RFC 8628 Device Authorization Grant is now the preferred flow for headless CLI agents. Use it instead of a localhost redirect when the agent runs over SSH, in a container, or on any host without a browser. Claude Code, Codex, Goose, and Mistral Vibe all default to it.
RFC 8707 Resource Indicators binds each token to a single resource server, so a stolen MCP token cannot be replayed against another API. Required by the MCP 2026 spec.
Refresh-token rotation is required. Every refresh returns a new refresh token; the previous one is single-use.
Implicit and ROPC are removed. PKCE S256 only.
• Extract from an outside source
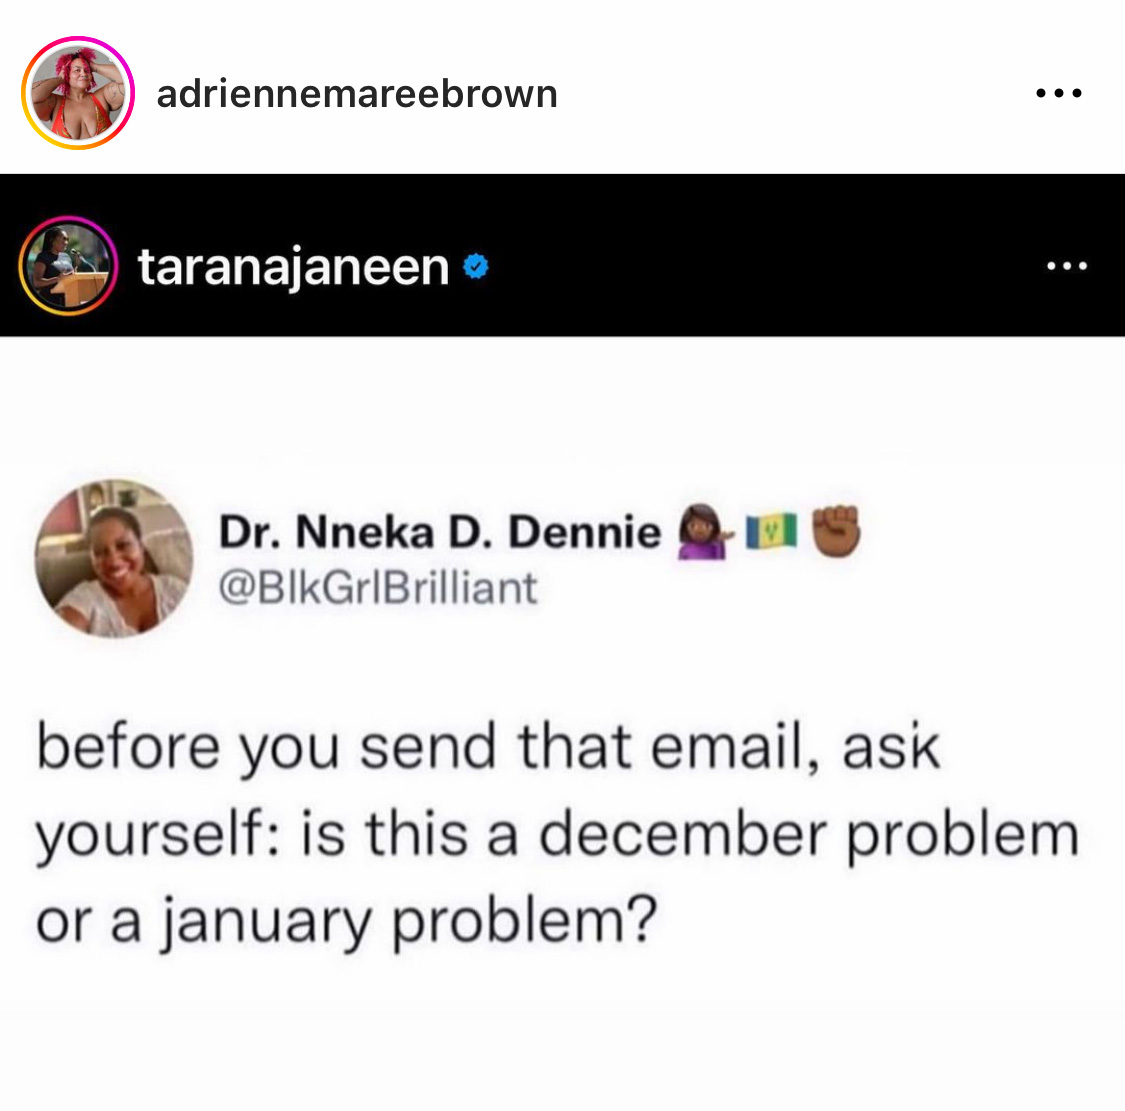 before you send that email, ask yourself: is this a december or a january problem?

Exact redirect-URI matching.

PKCE Flow

sequenceDiagram
    participant A as Agent Harness
    participant B as User's Browser
    participant P as OAuth Provider

    A->>A: Generate code_verifier + code_challenge
    A->>B: Open authorization URL with code_challenge
    B->>P: User authenticates and approves scopes
    P->>A: Redirect to localhost callback with auth code
    A->>P: Exchange auth code + code_verifier for tokens
    P->>A: { access_token, refresh_token, expires_in }
    A->>A: Store tokens in OS keychain

The localhost callback runs on a random port and shuts down after receiving the code. For headless agents, swap the redirect leg for RFC 8628: the harness polls the token endpoint while the user completes the device-code grant in any browser.

Token Storage

Old default: ~/.agent/oauth/<provider>.json with 0600 permissions. Still widely shipped for compatibility, but now flagged as risk in every 2026 security review. chmod 600 is necessary, not sufficient.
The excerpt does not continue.